Oct-HD: A Wearable Distributed Wireless HD-sEMG Synchronous Acquisition System for Long-Term Monitoring

High-density surface EMG (HD-sEMG) is gaining attention because of its noninvasive nature and high spatial resolution. However, wearable HD-sEMG measurements with over 128 channels face challenges in system integration and reliable network-free interdevice synchronization. This article presents a wireless distributed wearable HD-sEMG acquisition system named Oct-HD, which supports up to eight acquisition modules (512 channels) with microsecond-level synchronization without requiring a network. The full-channel impedance detection ensures reliable electrode-skin contact and signal acquisition. The system also includes a self-locking base station that stores, charges, and configures the modules. Both simulated and real-world validation demonstrate that the system maintains a long-term intermodule offline error within 3 ms, even under vibrations and extreme temperatures, demonstrating reliability for network-free outdoor and open-space monitoring. To support high-level signal interpretation, we further developed an integrated analysis software suite alongside the hardware. This toolkit enables motor unit decomposition, feature extraction, root mean square (RMS) map and power spectral density (PSD) analysis. Comparative experiments with a commercial system (Sessantaquattro) involving ten hand postures and 17 subjects were conducted, as hand gesture recognition is one of the most common applications in the field of electromyography. Results showed a significant performance improvement ( ${p} \lt 10^{-5}$ ) of Oct-HD over the state-of-the-art system in signal quality and anti-interference capacity.

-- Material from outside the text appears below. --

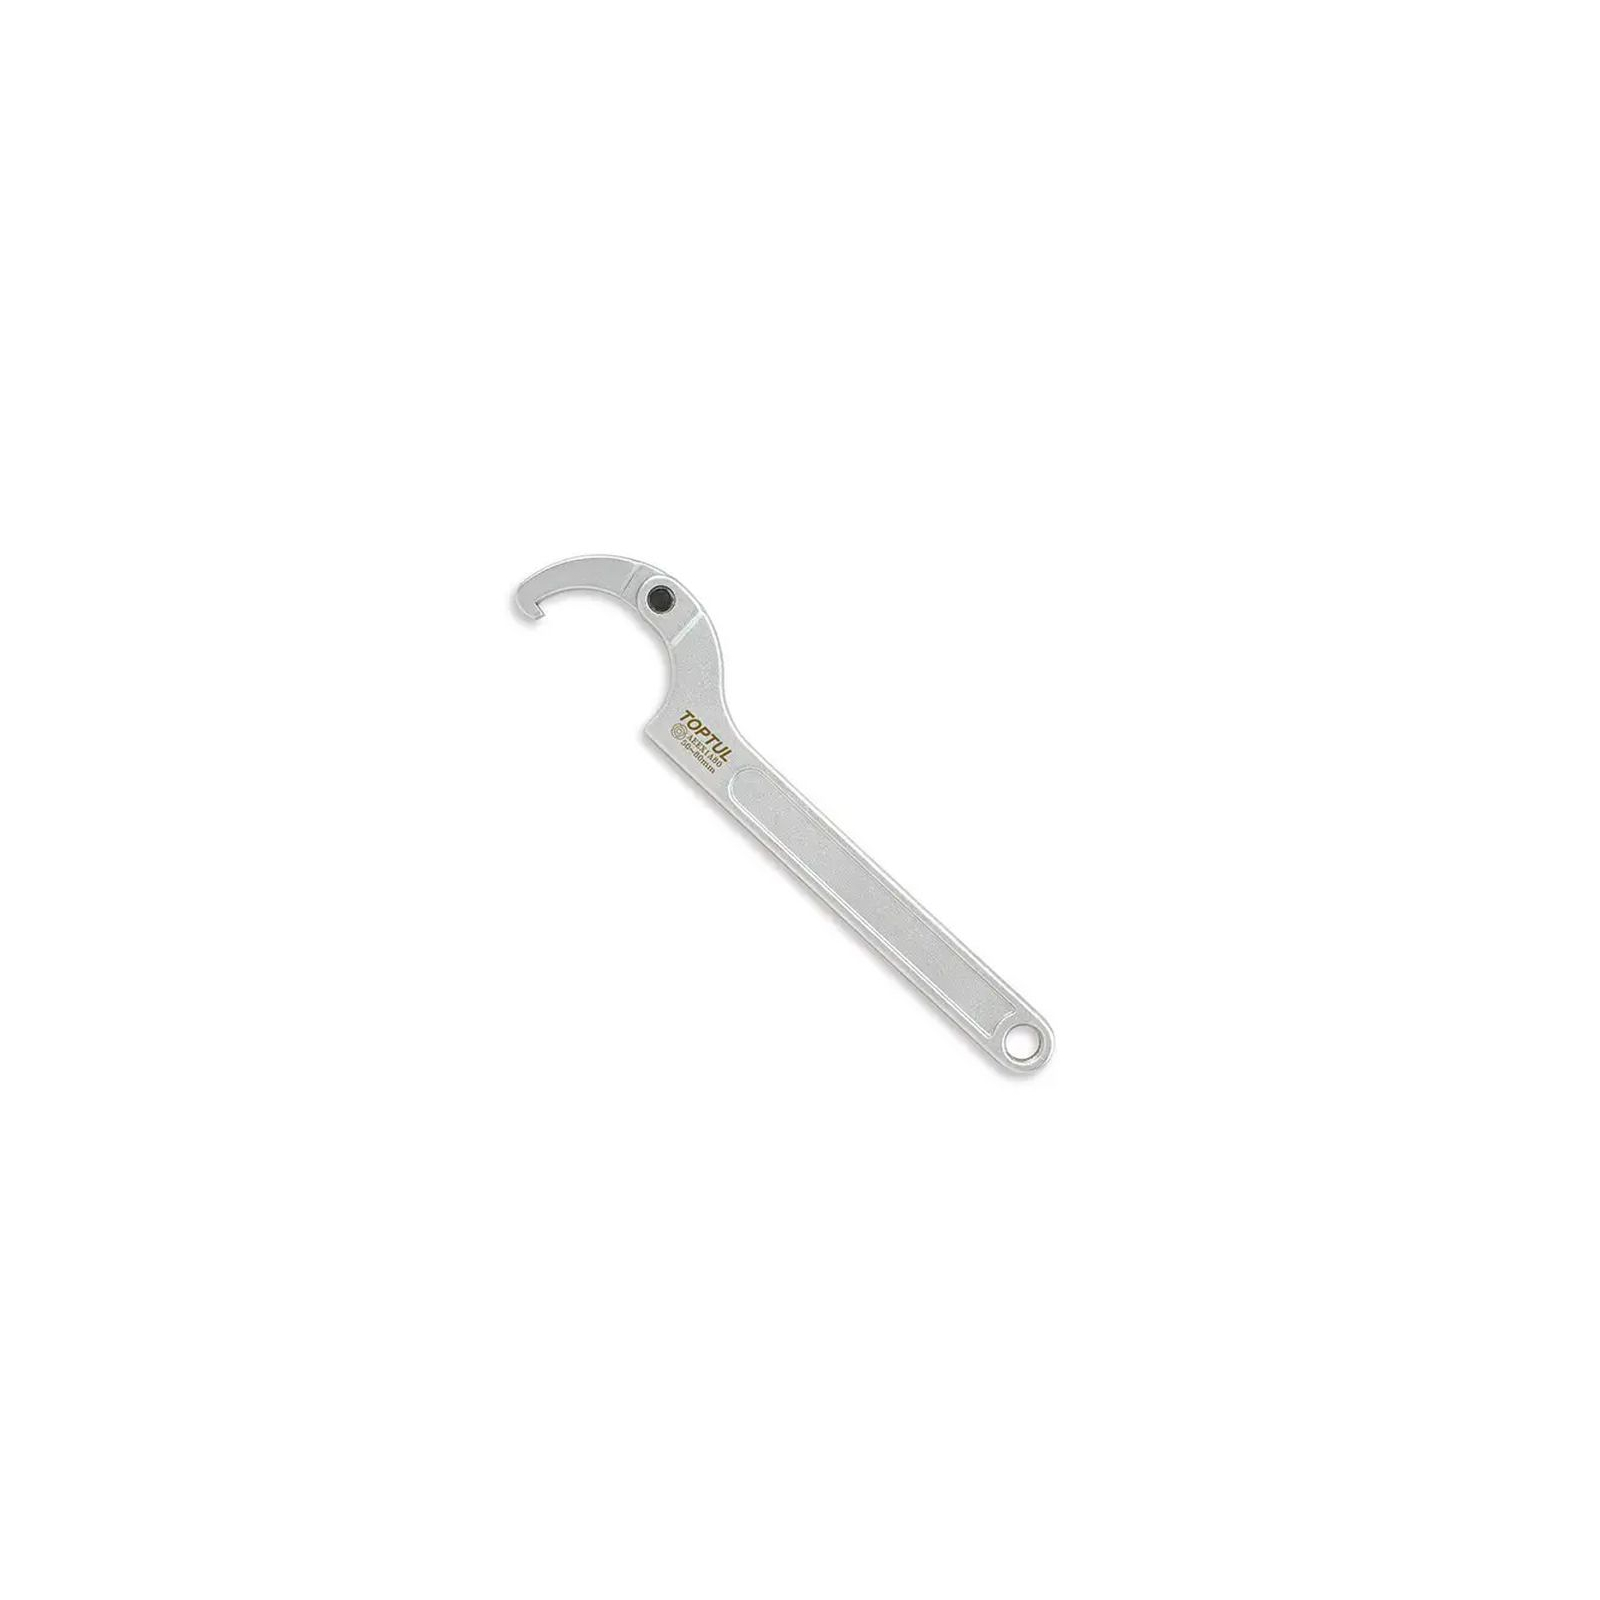 Ключ Toptul серповидный шарнирный для шлицевых гаек 80-120мм (AEEX1AA2)

Gesture classification results across four mainstream models demonstrated general accuracy improvements with Oct-HD over the commercial system in both dynamic and maintenance tasks. This highlights the effectiveness of Oct-HD in enhancing applications in prosthetic control and human-computer interaction. The Oct-HD system offers a notable advancement in wireless HD-sEMG acquisition, offering superior channel capacity, synchronization precision, signal quality, and anti-interference capacity compared to existing systems. The network-free microsecond-level synchronization and enhanced signal performance provide greater monitoring flexibility across various muscle groups, paving the way for broader applications in human-machine interaction.